I was expecting the compiler to always make sure a function starts at ideal aligned position, using noop to fill gaps.
There's a tradeoff. It would hurt performance to align every function to 64B (the start of a cache line). Code density would go down, with more cache lines needed to hold the instructions. 16B is good, because it's the instruction fetch/decode chunk size on most recent CPUs.
Agner Fog has the low-level details for each microarch. He hasn't updated it for Broadwell, though, but the uop cache probably hasn't changed since Sandybridge. I assume there's one fairly small loop that dominates the runtime.
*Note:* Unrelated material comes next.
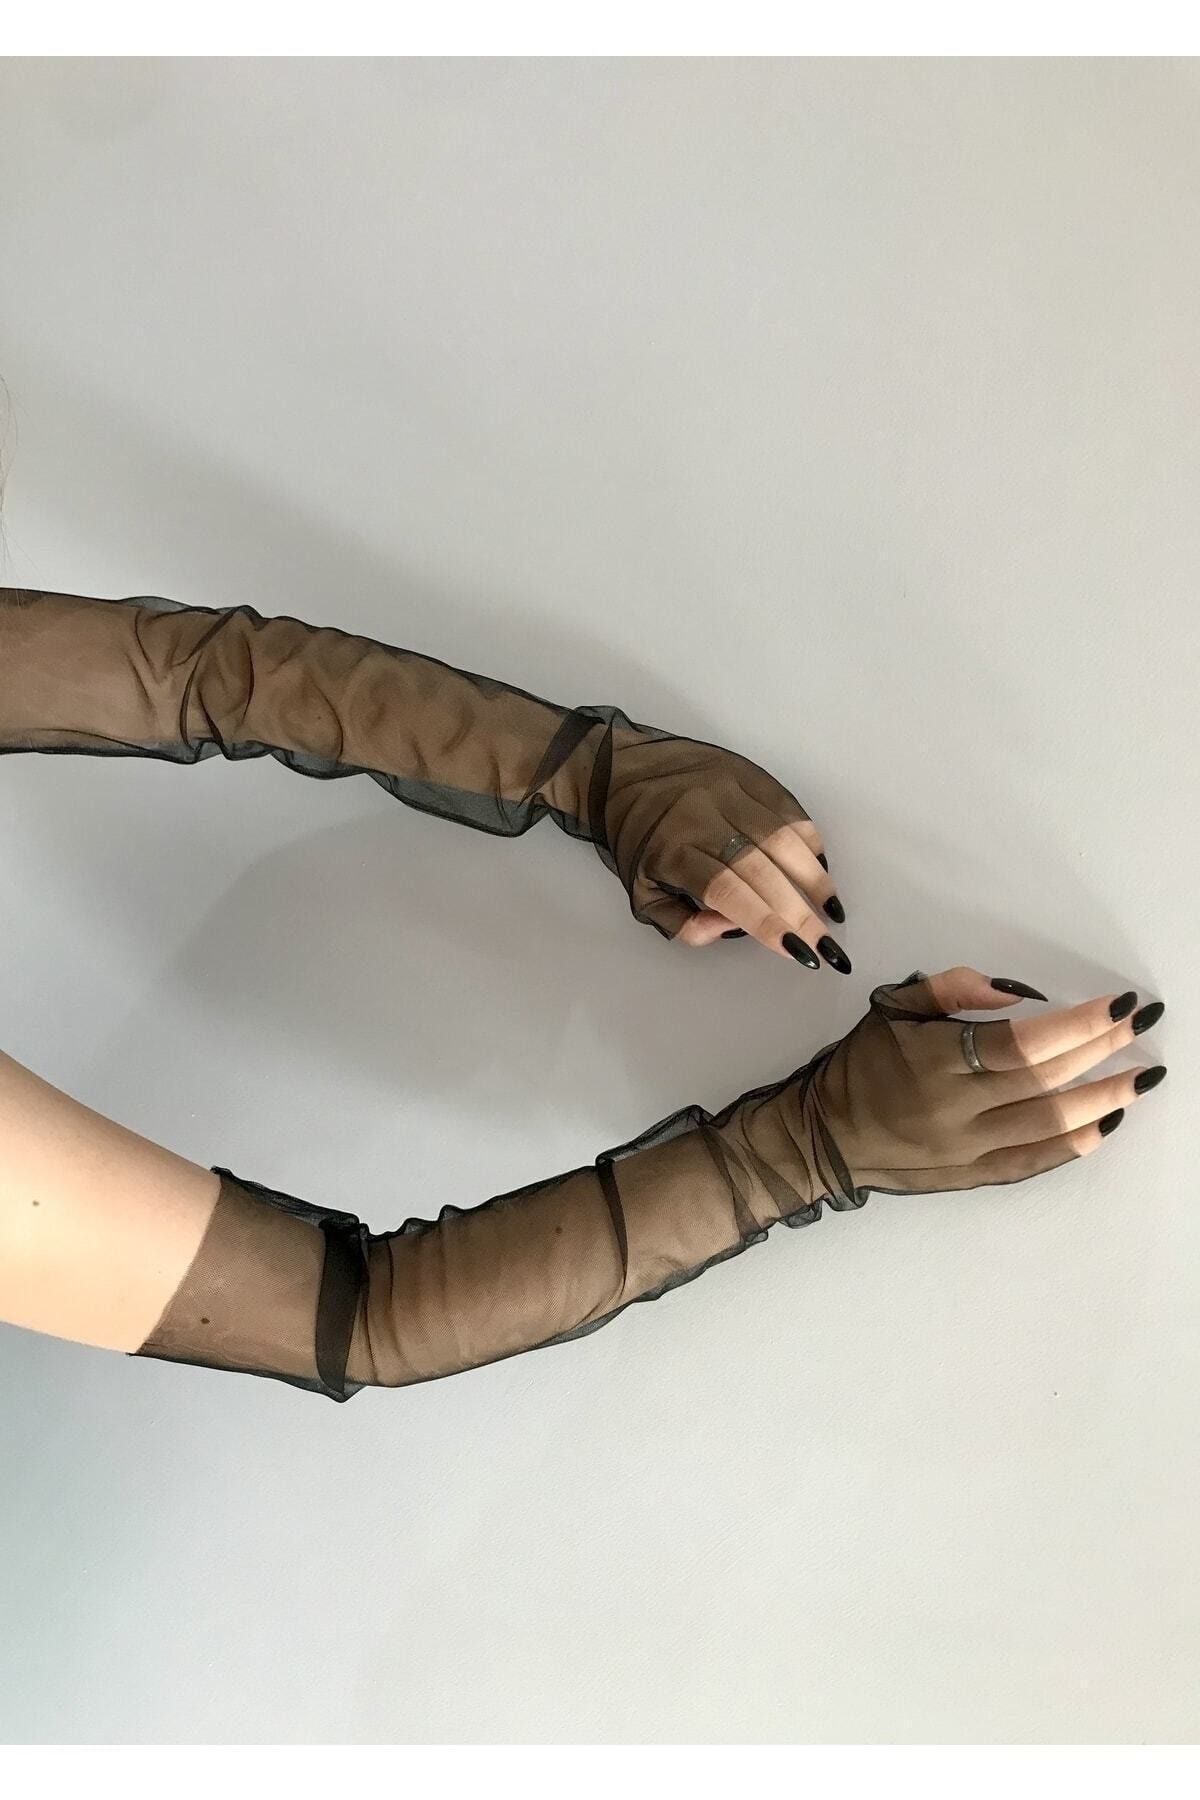 VENÜS MODA by Pınar Siyah Uzun Tül Eldiven Parmaksız Abiye Eldiveni Kostüm Aksesuar

I'm not sure exactly what to look for first. Maybe the "slow" version has some branch targets near the end of a 32B block of code (and hence near the end of a uop cacheline), leading to significantly less than 4 uops per clock coming out of the frontend.
Look at performance counters for the "slow" and "fast" versions (e.g. with perf stat ./cmd
), and see if any are different. e.g. a lot more cache misses could indicate false sharing of a cache line between threads. Also, profile and see if there's a new hotspot in the "slow" version. (e.g. with perf record ./cmd && perf report
on Linux).
How many uops/clock is the "fast" version getting? If it's above 3, frontend bottlenecks (maybe in the uop cache) that are sensitive to alignment could be the issue. Either that or L1 / uop-cache misses if different alignment means your code needs more cache lines than are available.
Anyway, this bears repeating: use a profiler / performance counters to find the new bottleneck that the "slow" version has, but the "fast" version doesn't. Then you can spend time looking at the disassembly of that block of code. (Don't look at gcc's asm output. You need to see the alignment in the disassembly of the final binary.) Look at the 16B and 32B boundaries, since presumably they'll be in different places between the two versions, and we think that's the cause of the problem.
Alignment can also make macro-fusion fail, if a compare/jcc splits a 16B boundary exactly. Although that is unlikely in your case, since your functions are always aligned to some multiple of 16B.
re: automated tools for alignment: no, I'm not aware of anything that can look at a binary and tell you anything useful about alignment. I wish there was an editor to show groups of 4 uops and 32B boundaries alongside your code, and update as you edit.
Intel's IACA can sometimes be useful for analyzing a loop, but IIRC it doesn't know about taken branches, and I think doesn't have a sophisticated model of the frontend, which is obviously the issue if misalignment breaks performance for you.